Uni to uni is pretty bulky. Might want to look at a blood knot. It has a smaller diameter when tied.


----------



## PCfisher66 (Oct 13, 2010)

How long is your leader, I usually start mine out about 2', that allow me to not reel the knot past the tip.


----------



## Tobiwan (Apr 27, 2012)

It's about ten feet. I was just doing what I saw on YouTube they said use a leader a bit longer then my rod. I could make it small so I don't have to reel it through the guides I guess.


----------



## trubio007 (Oct 22, 2008)

Try this...Take the leader and braid and over lap it about 12". Twist the braid around the mono 6-7 times ( any more than this will break the mono when you tighten). Once you do that take the end of the braid and the end of the leader and bend them back towards each other. Again wrap the braid around the mono 6-7 times. You should now have the end of the braid facing the direction of the reel and the end of your leader facing the direction of the rest of your leader. With one hand pinch the end of the braid and the rest of the braid and with the other hand pinch the end of the leader and the rest of the leader and pull until the twists are tight. Then, release the end of the braid and the end of the leader and pull the lines. They should start to twist together. I dont know what this knot is called but its not actually a knot. The lines are twisted together. This method keeps the braid from cutting the mono when you have a fish pulling on it. Hope this helps.


----------



## sailmaker (Dec 10, 2007)

Did you miss this?

http://www.pensacolafishingforum.com/f28/modified-albright-128975/


----------



## Tobiwan (Apr 27, 2012)

No I did not miss that. I was just doing what the package from the company said to do. It specifically says use a uni to uni. I will try the modified albright. Read the last line.


----------



## GulfSteve (Jun 22, 2012)

I have been using uni-uni the same way with same problems... was considering switching to the mod. albright as well but I also bought some really tiny black swivels from tackle shop that are REALLY small but rated for 100#... thought that might be a nice option also.


----------



## Wad Shooter (Jul 31, 2012)

Probably a dumb question but why would you want to reel your leader through the guides? Also is 10ft not a little long for inshore?


----------



## Tobiwan (Apr 27, 2012)

Those are both good questions this is my first time using braid. So I don't know if you should have 10ft of leader or not and I don't really want to reel it through my guides. I just heard you should use a length of leader that's as long as your rod but I'm truly not sure. If 2 ft of leader is enough then that's awesome that means I don't have to reel it through my guides lol.


----------



## Wad Shooter (Jul 31, 2012)

I use a 2 to 3 ft leader and normally use small swivels


----------



## sailmaker (Dec 10, 2007)

I can't and won't fault you for following instructions brother, that's not why I post. All I can say is that even though I live in Arkansas, I've been fishing since I was 5 and I'm now 57, and I've been using Spectra braid ever since it came out many, MANY years (decades) back. Only trying to help out here.
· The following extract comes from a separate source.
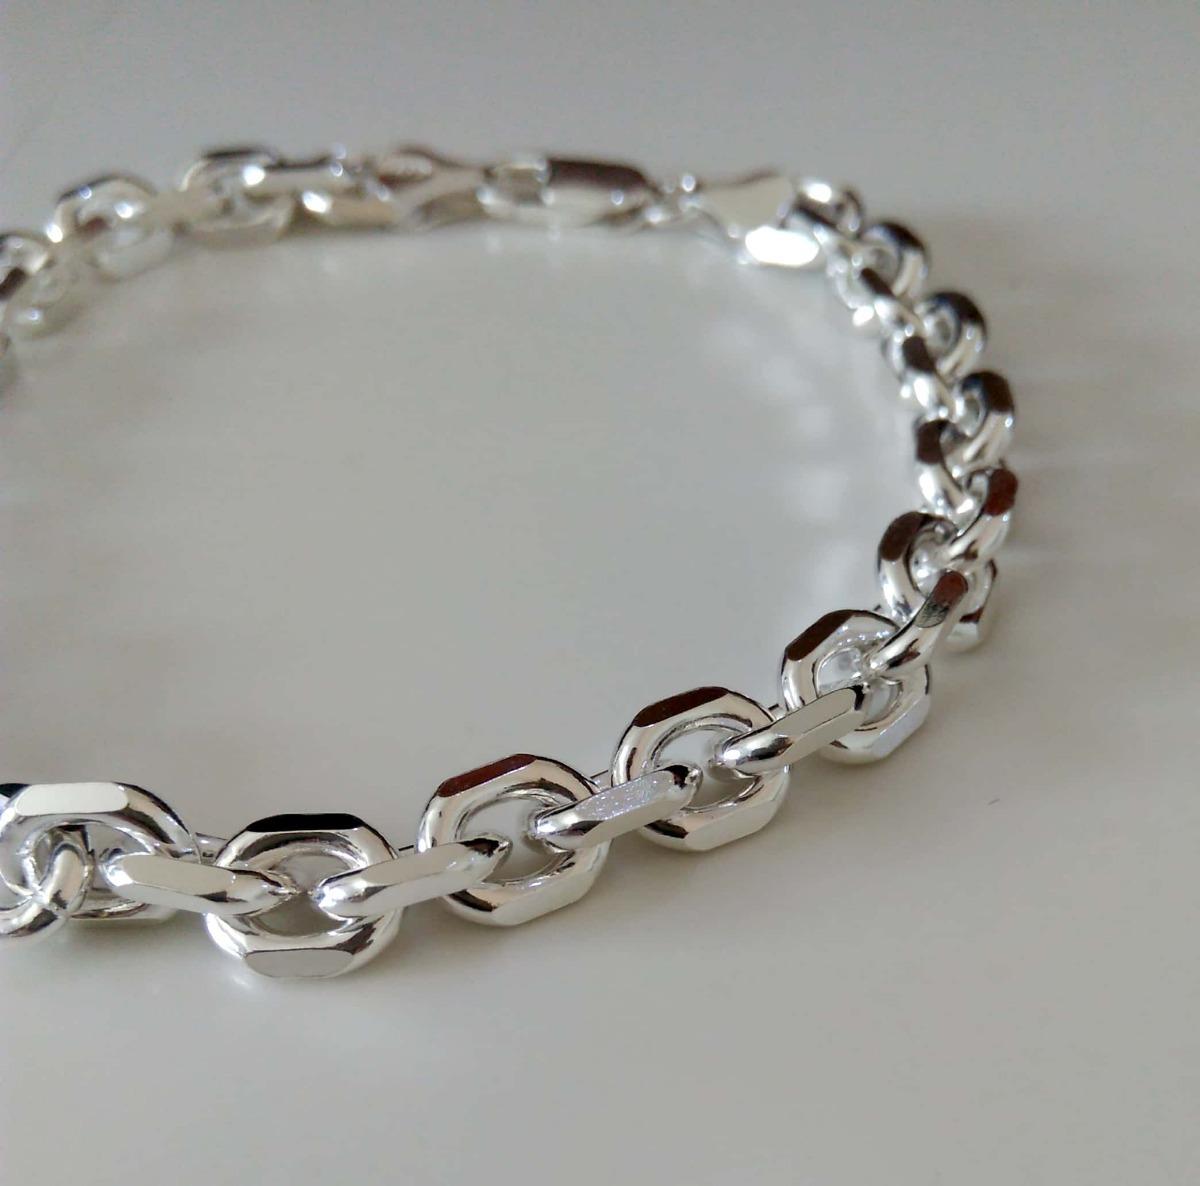 356a7385c6f pulseira cartier masculina original 21cm prata 925 nova. Carregando zoom.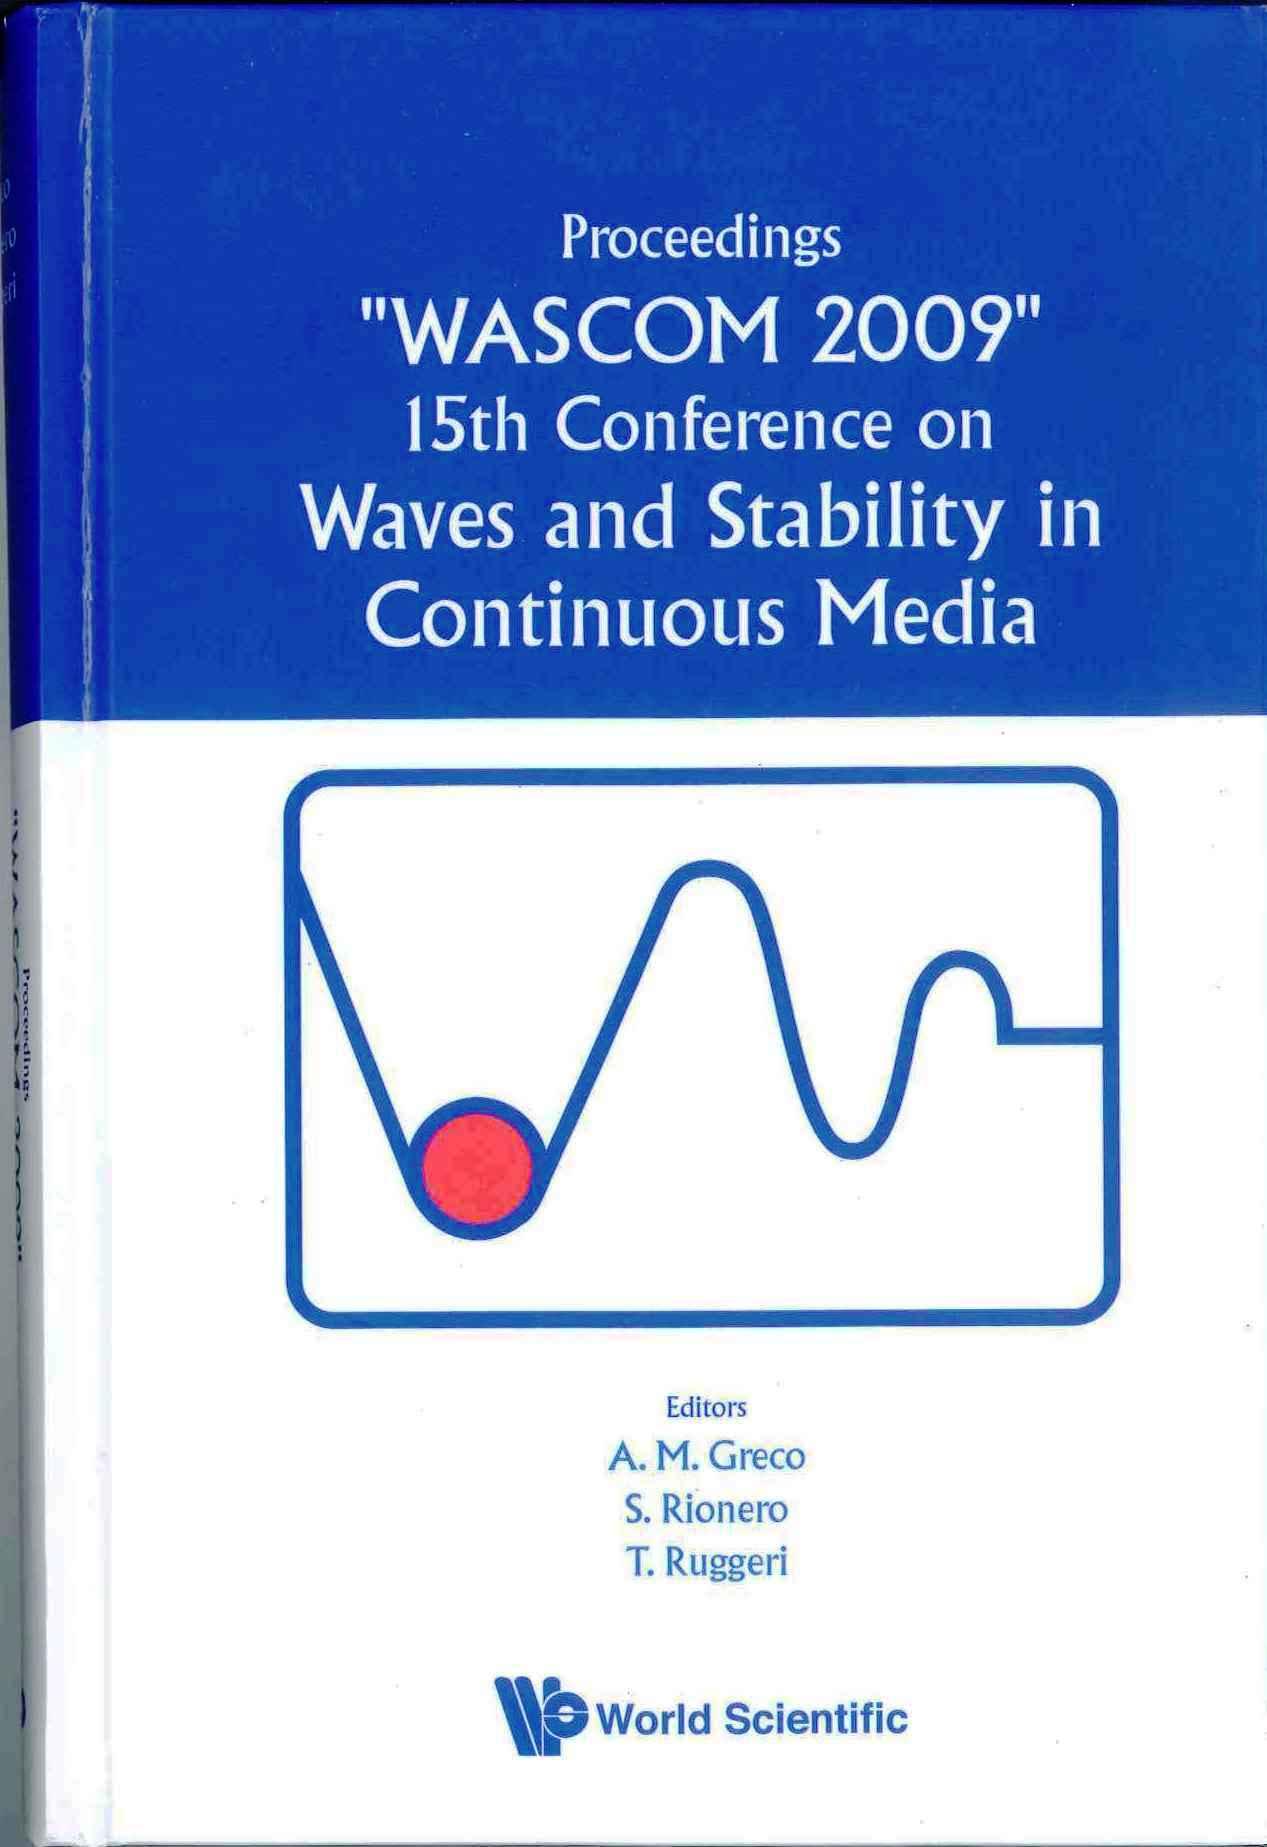 Wascom2009

I get down to Destin and/or Corpus Christi every year, Corpus is my home town and where I learned to fish.

On the leader length thingy; I was using about 30' of fluoro leader on that offshore trip purely to take some of the shock off of the braid/fluoro connection and the hook set. That length of 60 lb fluoro doesn't stretch much, but it did the trick very well and the knot went easily through the guides _UNDER LOAD_ with no issues. I never had to set a hook, the rod just doubled over, but I also lost no fish and broke no knots, leaders or line, so what I'm doing works, but I make no claims at being a pro.:thumbup:


----------



## hsiF deR (Oct 4, 2009)

Most of my inshore fishing I use about a 3 ft leader. I tie them with together with an Albright. On a couple rods I like a long leader. Like you, nearly 10 ft. I tie those using a sebile knot. It's very small and goes through the guides without issue. It can be a pain to tie with the small braid but it a little practice goes long way.


----------